Positive integer — Configure the layer for the specified number of input channels. NumChannels and the number of channels in the layer input data must match. For example, if the input is an RGB image, then NumChannels must be 3. If the input is the output of a convolutional layer with 16 filters, then NumChannels must be 16.

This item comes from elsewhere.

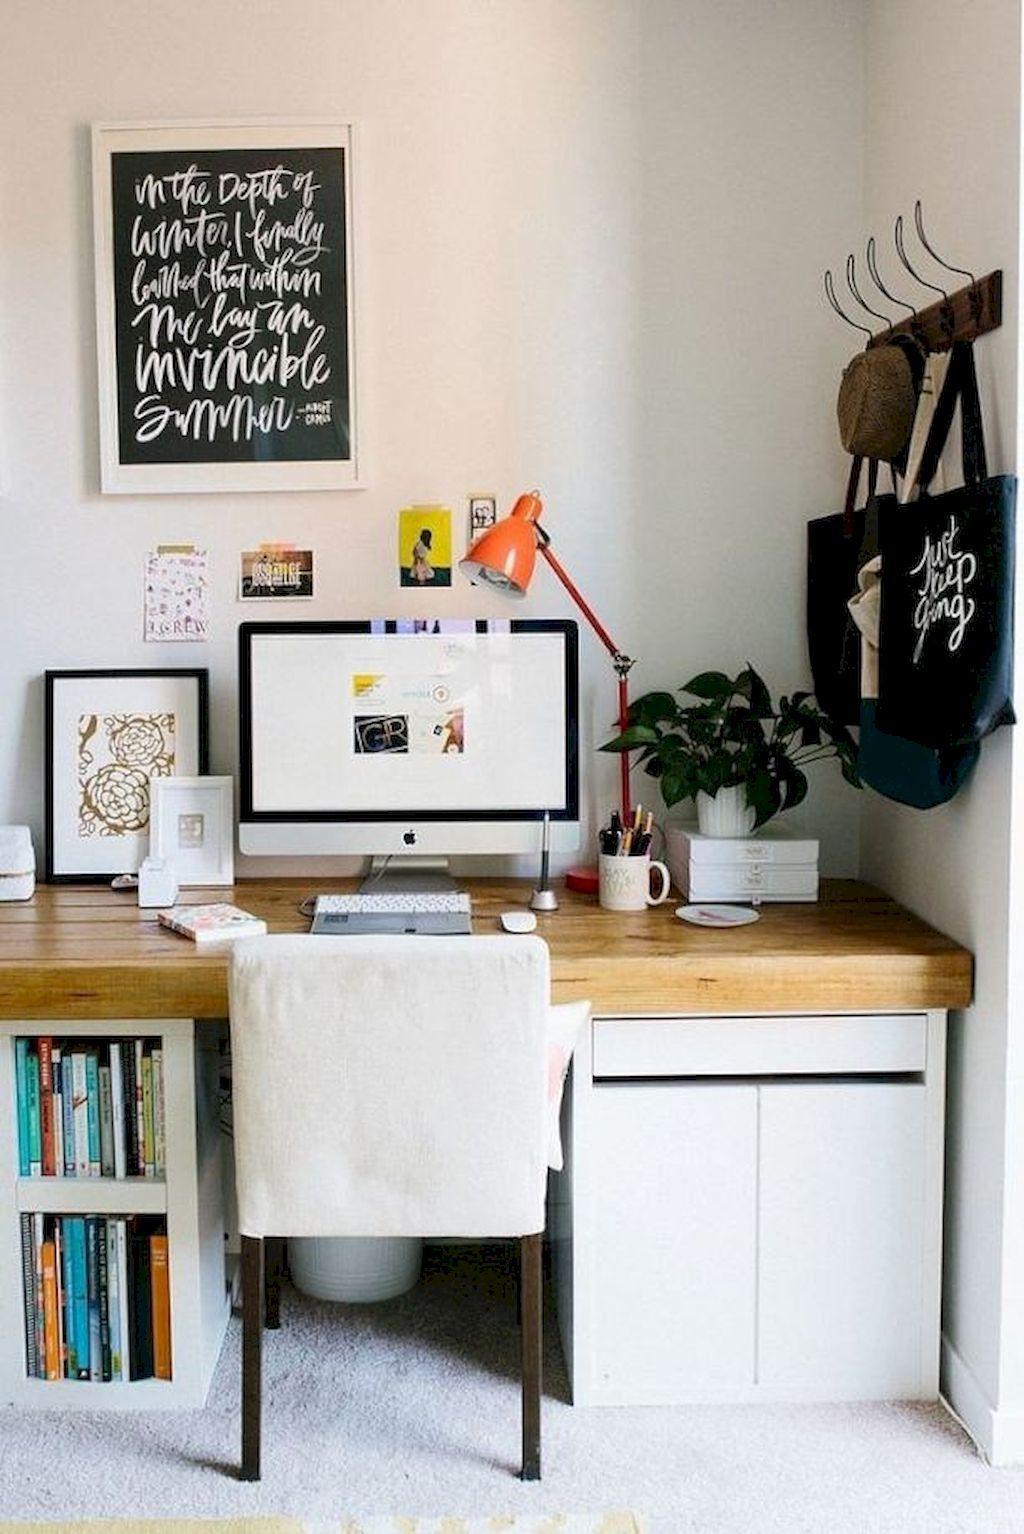 75 First Apartment Decor Ideas On A Budget

`WeightsInitializer` — Function to initialize weights
`"glorot"` (default) | `"he"` | `"narrow-normal"` | `"zeros"` | `"ones"` | function handle

Function to initialize the weights, specified as one of the following:

"glorot" – Initialize the weights with the Glorot initializer [1] (also known as Xavier initializer). The Glorot initializer independently samples from a uniform distribution with zero mean and variance 2/(numIn + numOut), where numIn = FilterSize(1)*FilterSize(2)*FilterSize(3)*NumChannels and numOut = FilterSize(1)*FilterSize(2)*FilterSize(3)*NumFilters.
"he" – Initialize the weights with the He initializer [2]. The He initializer samples from a normal distribution with zero mean and variance 2/numIn, where numIn = FilterSize(1)*FilterSize(2)*FilterSize(3)*NumChannels.
"narrow-normal" – Initialize the weights by independently sampling from a normal distribution with zero mean and standard deviation 0.01.
"zeros" – Initialize the weights with zeros.
"ones" – Initialize the weights with ones.
Function handle – Initialize the weights with a custom function. If you specify a function handle, then the function must be of the form weights = func(sz), where sz is the size of the weights. For an example, see Specify Custom Weight Initialization Function.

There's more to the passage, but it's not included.